Si, à l’appui de son recours, il soutient également subsidiairement que la période de référence doit s’apprécier du 2 octobre 2012 au 1er octobre 2013, dès lors que son état d’invalidité a été constaté par la reconnaissance de sa qualité de travailleur handicapé et l’attribution de l’allocation adulte handicapé à compter du 1er octobre 2013, il appert qu’aucun élément ne permet d’établir qu’il s’était vu reconnaitre un état d’invalidité sur la période concernée. Ainsi, l’intéressé a été débouté judiciairement d’une précédente demande d’invalidité, datée du 2 septembre 2013, dès lors qu’il ne remplissait pas la condition médicale (jugement du TASS de [Localité 16] en date du 29 juillet 2020 confirmé par arrêt du 7 septembre 2021 de la cour d’appel de [Localité 16] – ses pièces 6 et 7).
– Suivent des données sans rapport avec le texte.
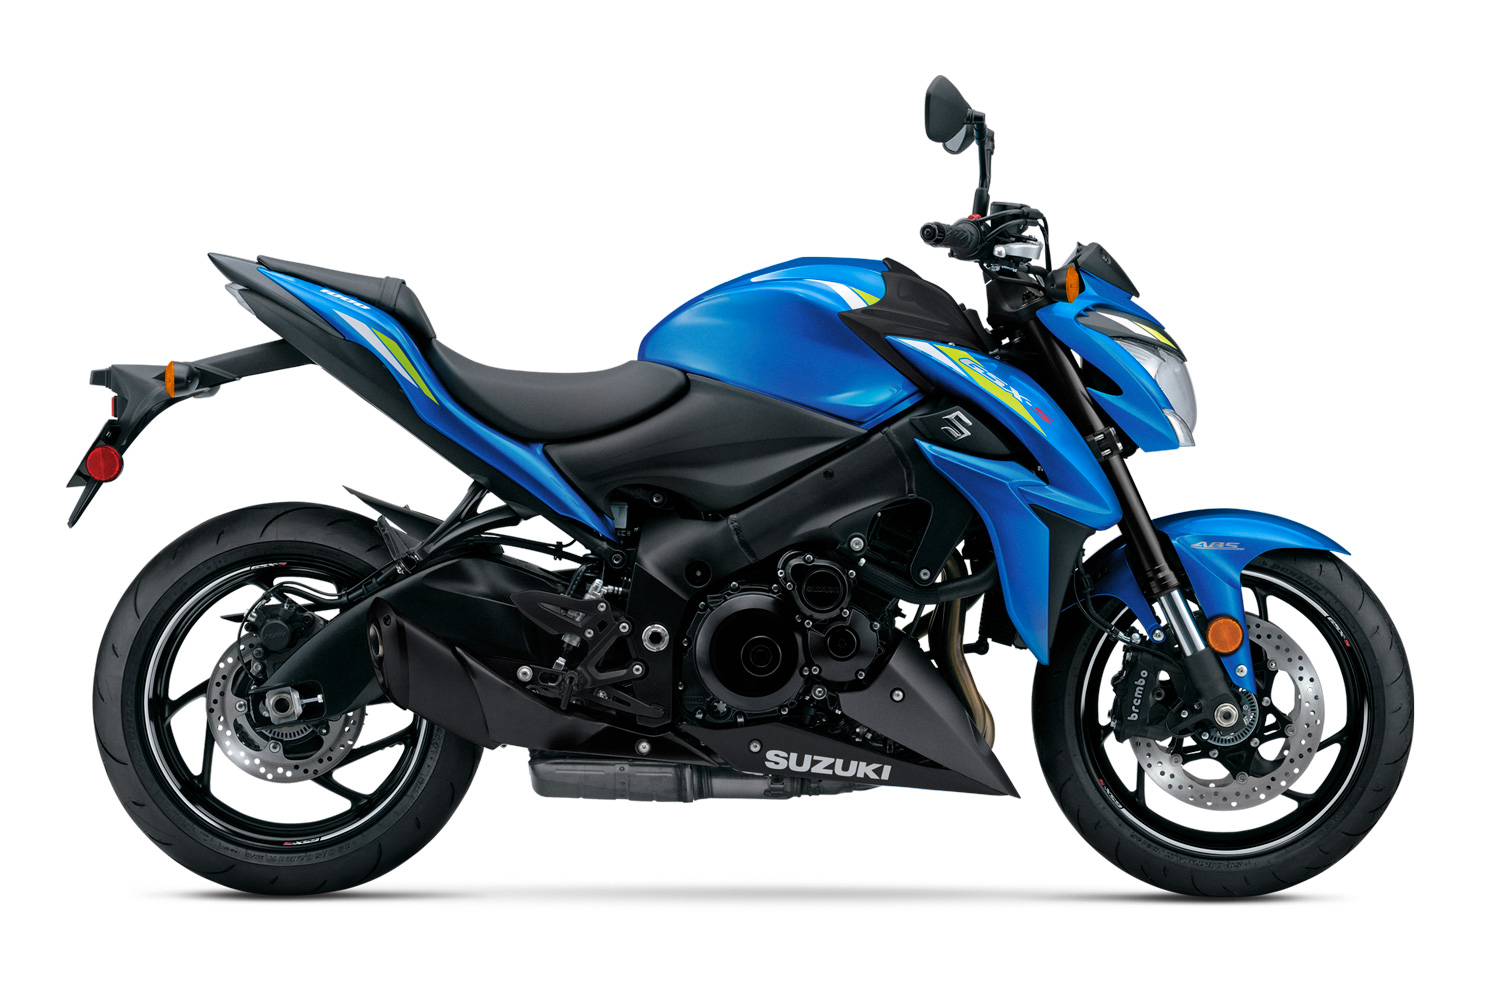 2020 Suzuki GSX-S1000 Buyer's Guide: Specs, Photos, Price | Cycle World

Quant au versement de l’allocation aux adultes handicapés dont il se prévaut (sa pièce n°1), il sera relevé qu’elle lui a été accordée à compter du 1er octobre 2013 et est donc sans emport sur le présent litige.
Il en résulte que c’est à bon droit que la [11] a refusé d’attribuer une pension d’invalidité à Monsieur [B], les conditions administratives en vue de l’obtention de ladite pension n’étant pas remplies.
Sur les demandes annexes
L’issue du litige conduit le tribunal à débouter le demandeur de sa demande formée sur le fondement de l’article 700 du code de procédure civile et à le condamner aux dépens de l’instance
PAR CES MOTIFS :
Le Tribunal Judiciaire de Metz, Pôle social, statuant par jugement contradictoire rendu en premier ressort et par mise à disposition au greffe,
DIT Monsieur [Z] [B] recevable en son recours ;
DÉBOUTE Monsieur [Z] [B] de l’ensemble de ses demandes ;
CONFIRME la décision de la Commission de Recours Amiable près de la [11] en date du 24 février 2022 notifiée le 1er mars 2022 ;
CONDAMNE Monsieur [B] aux dépens de l’instance.